Words printed on an ancient Sumerian tablet, slightly modified and by Abraham Lincoln

I jest, of course, when I say I resent my students for not being familiar with the myth I grew up with. For my course Images of Gender in Popular Culture, I always select three films to watch with the class because watching together is the only way to ensure we have a common frame of reference for class discussion. But this year I was shocked to find that I could include Star Wars 7 — The Force Awakens in my syllabus and 19 of my 24 students would be having their first Star Wars experience. This IS admittedly frustrating, as a teacher, because it makes it harder to show just how much the ideological basis of the new film both mirrors and disconnects from previous installations — but it’s led me to want to write about the politics of Star Wars and a couple of common misconceptions, specifically:

  • Star Wars is a kids movie series that belongs, intellectually, to its creator George Lucas, who intended it to teach basic moral values of right and wrong to kids (he did say this, in a 1999 era in interview). Disney is now corrupting it.
  • The main thing that Star Wars is about is religion, based on a sort of intentionally vague syncresis of pop Buddhism and Lucas’s milquetoast American Methodism. (Again, Lucas says as much in the above link.)

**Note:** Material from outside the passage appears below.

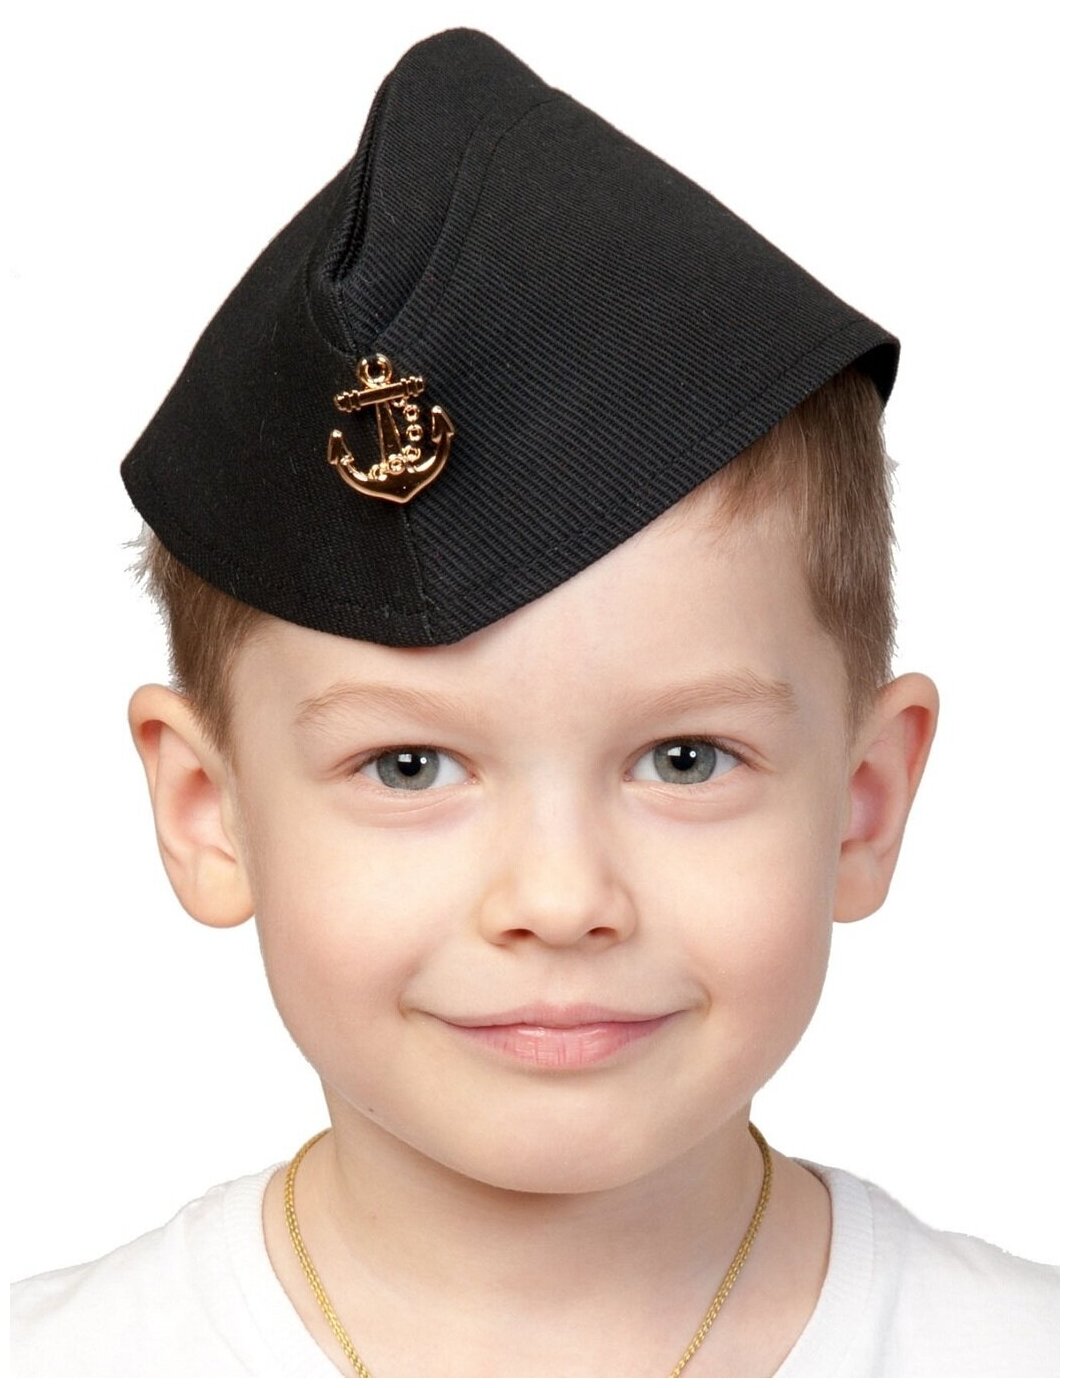 Пилотка ВМФ детская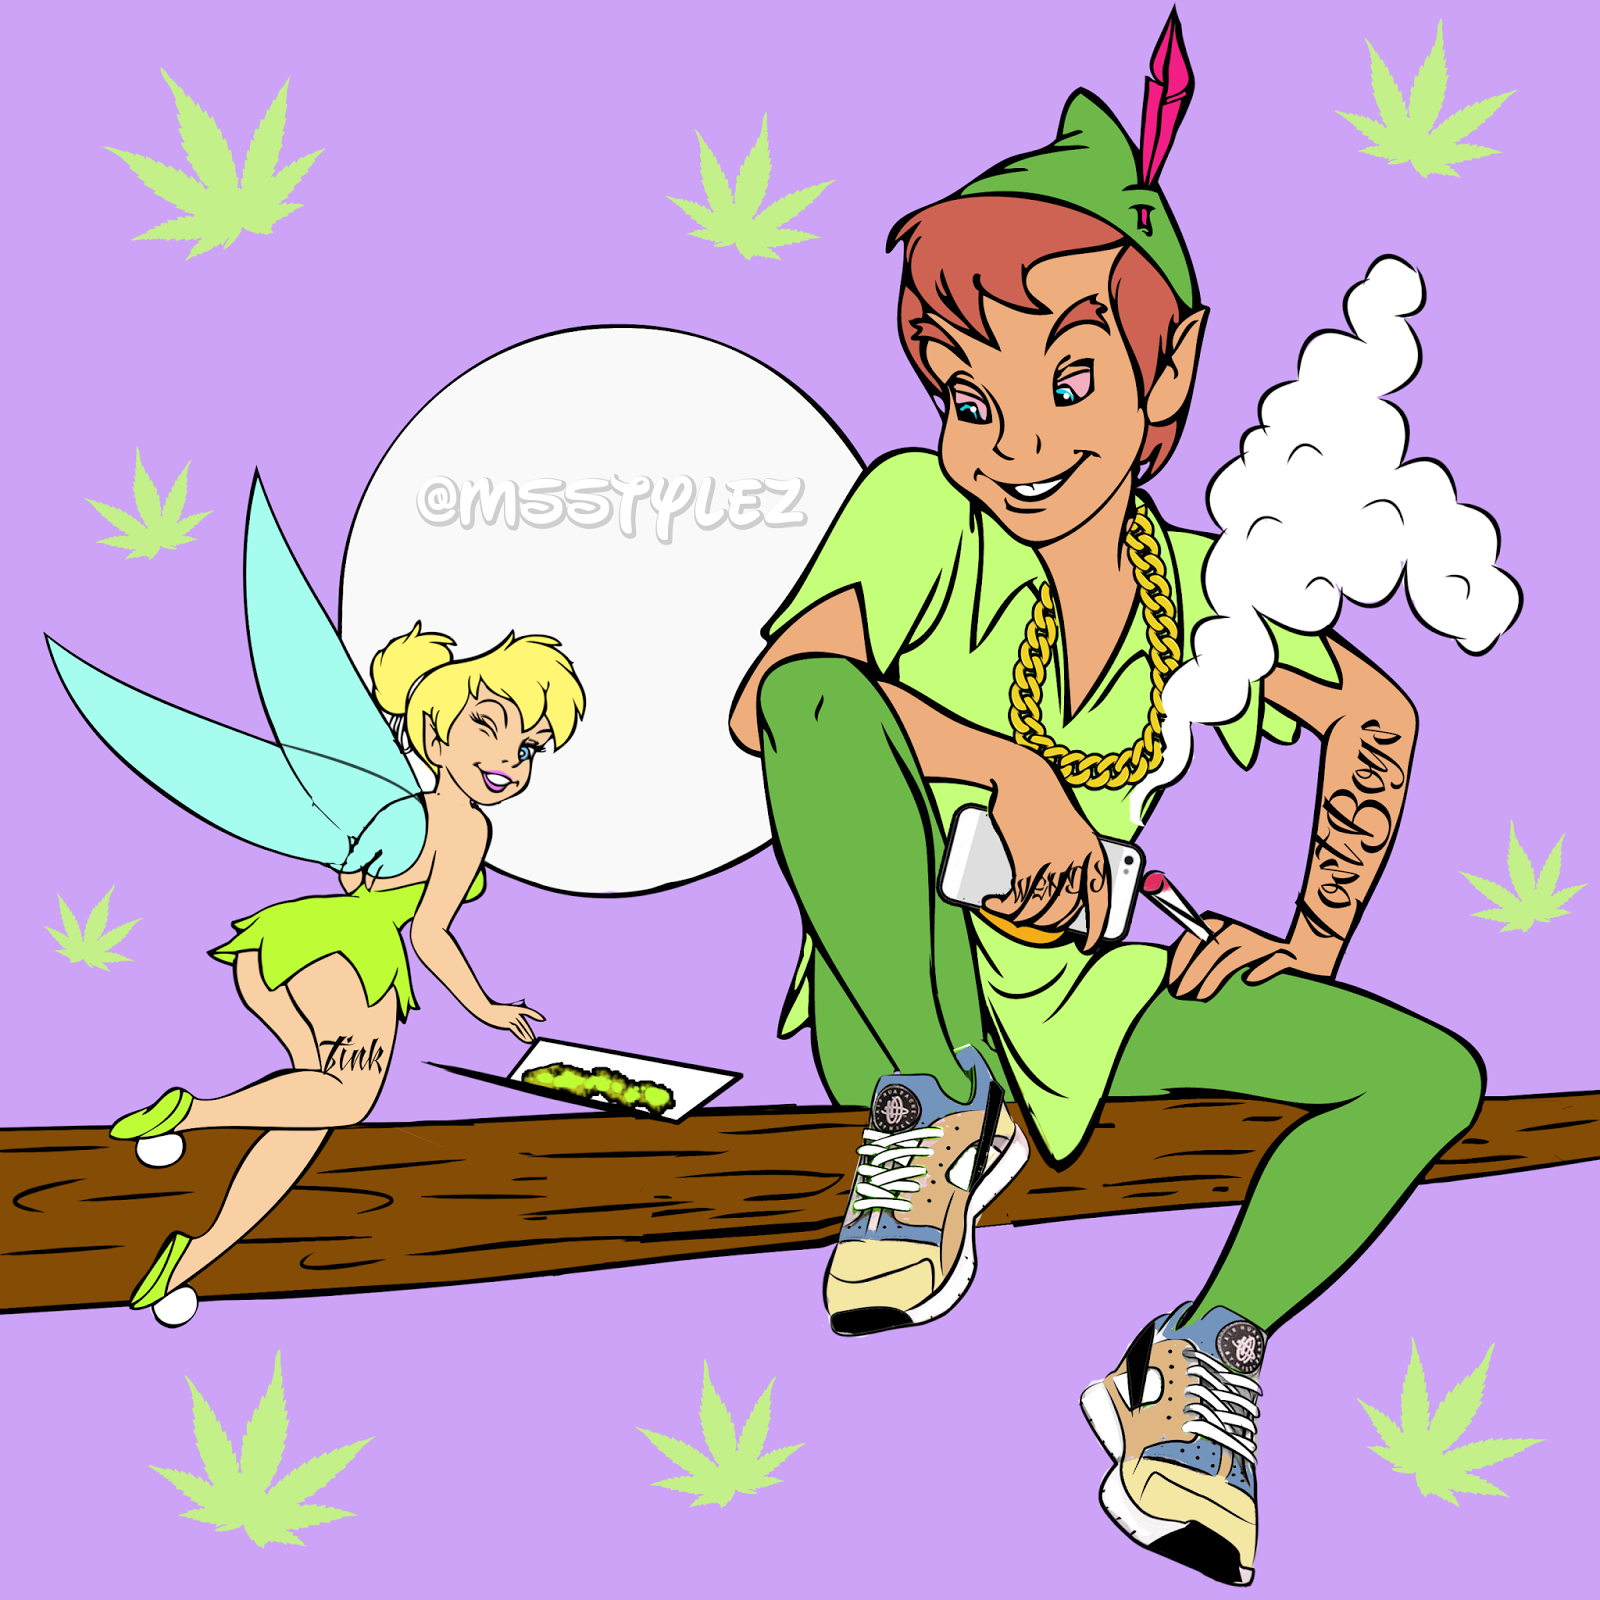 disney princesses smoking

But one could just as easily say that The Matrix is a movie about religion, and that it belongs to two men named {REDACTED} and {REDACTED} Wachowski. After all they said so many times in 1999 as well, and yet as I and many other trans people have noticed, everything the Wachowskis make is tinged with gender and identity metaphors, with religious themes as a very thin varnish. I think therefore it’s worth looking at Star Wars as a product not only of Lucas and now Abrams/Disney, but as a reflection of wider cultural concerns.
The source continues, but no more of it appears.